LOST AND REGAINED

 

By

 

Ashleigh Anpilova

 

Gibbs remembers the time he thought he had lost Ducky.

An established relationship story.

Written March 2007. Word count: 400.

 

 

Even though it was over twenty-five years ago, I can still remember the time I thought I'd lost you for good.

 

The time I screwed up so badly that you said you couldn't forgive me.

 

Wouldn't forgive me.

 

I can still remember the over-whelming pain I felt, as I let you walk out of my home.

 

The self-disgust I felt at what I'd done.

 

The fear that dug into me so deeply, I never truly let go of it.

 

The shock I felt at hearing you describe sex as 'fucking'.

 

But even then, even then in the midst of all that, I'd still hoped. I knew you, right? I loved you. You loved me. It'd be all right. It had to be all right. It had to be.

 

And then . . .

 

And then Jenn told me you'd retired.

 

Gone.

 

Left.

 

Left NCIS.

 

Left me.

 

And that was when I knew I had really lost you.
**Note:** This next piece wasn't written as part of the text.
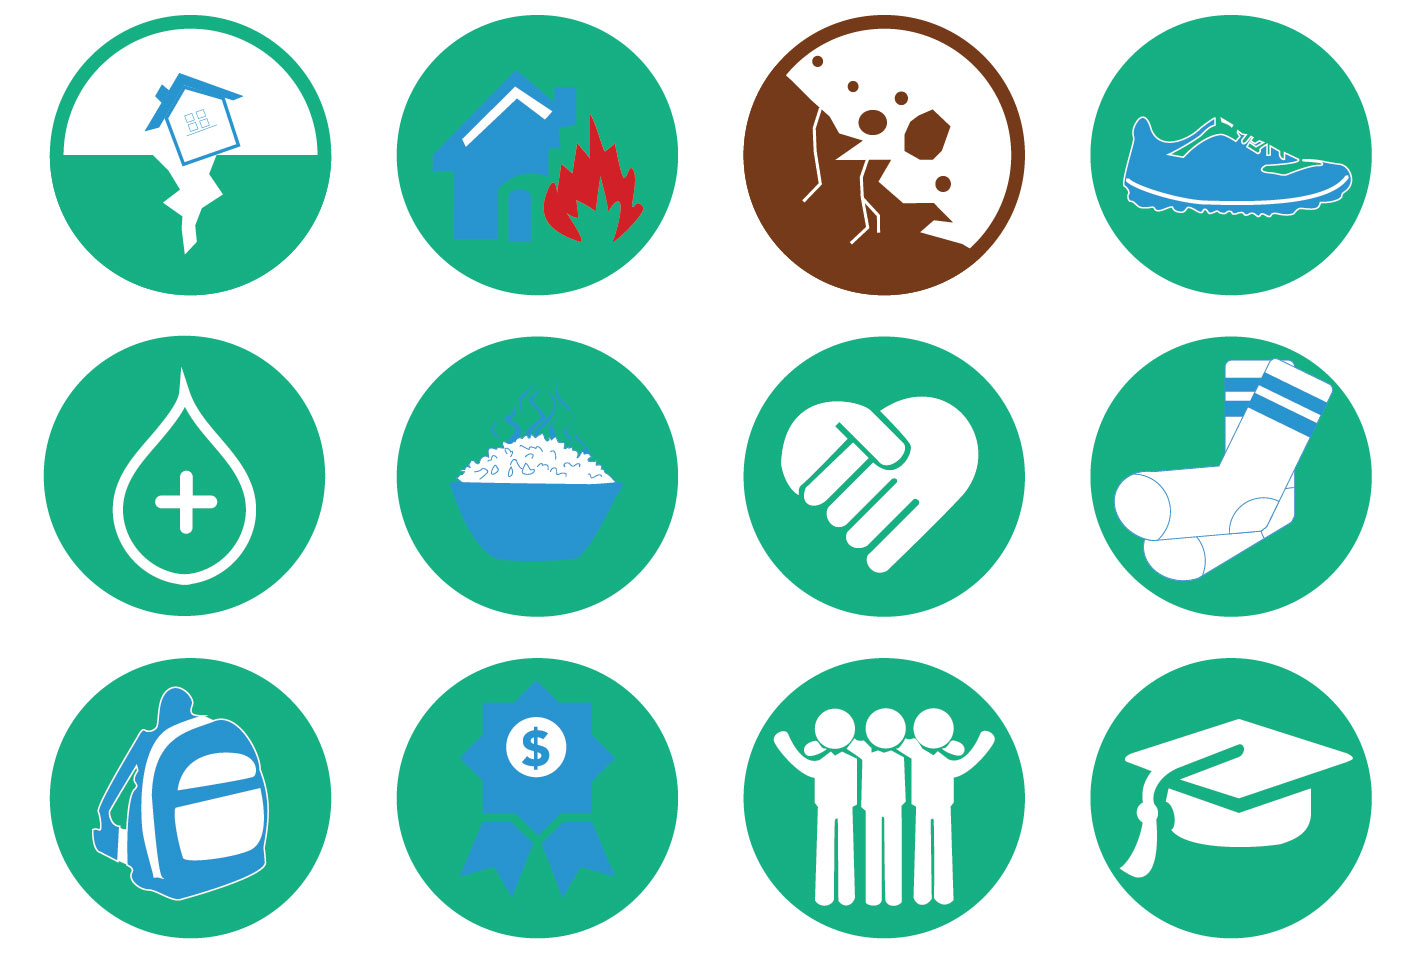 charity infographic icons

Lost you for good.

 

For three months I existed.

 

That was all. I existed.

 

God knows how I stayed alive. Maybe there is a God. Maybe despite everything, he did care about me, and was looking out for me.

 

Someone had to be. Because I sure as hell wasn't looking out for myself.

 

I'd lost you.

 

I'd driven you away.

 

It was my fault.

 

Utterly.

 

Totally.

 

Completely.

 

Entirely.

 

Unreservedly.

 

Overwhelmingly.

 

One hundred and twenty percent my fault.

 

No one else's.

 

Mine and mine alone.

 

And I didn't know what I could do to put it right.

 

I didn't think there was anything I could do.

 

You'd made that clear.

 

Losing you woke me up though.

 

Woke me up to what I'd always known I'd wanted.

 

Haven't touched another woman since the night I proved just what a bastard I was. 'The second B's for bastard'. I used to almost joke about it. But no more. Not since then.

 

Didn't want to.

 

Didn't need to.

 

Couldn't.

 

Wouldn't.

 

Then I got you back.

 

God, it sounds simple

 

I'm still not sure why. Not totally.

 

Just know my world became whole again.

 

I took care.

 

Took care of you.

 

Of me.

 

Still doing that.

 

And I'll go on doing it until . . .

 

I'm watching you sleep. You sleep more these days. But that's okay, because I like to watch you.

 

It helps me remember, if I need reminding, of just what I lost.

 

And what thankfully, what amazingly I regained.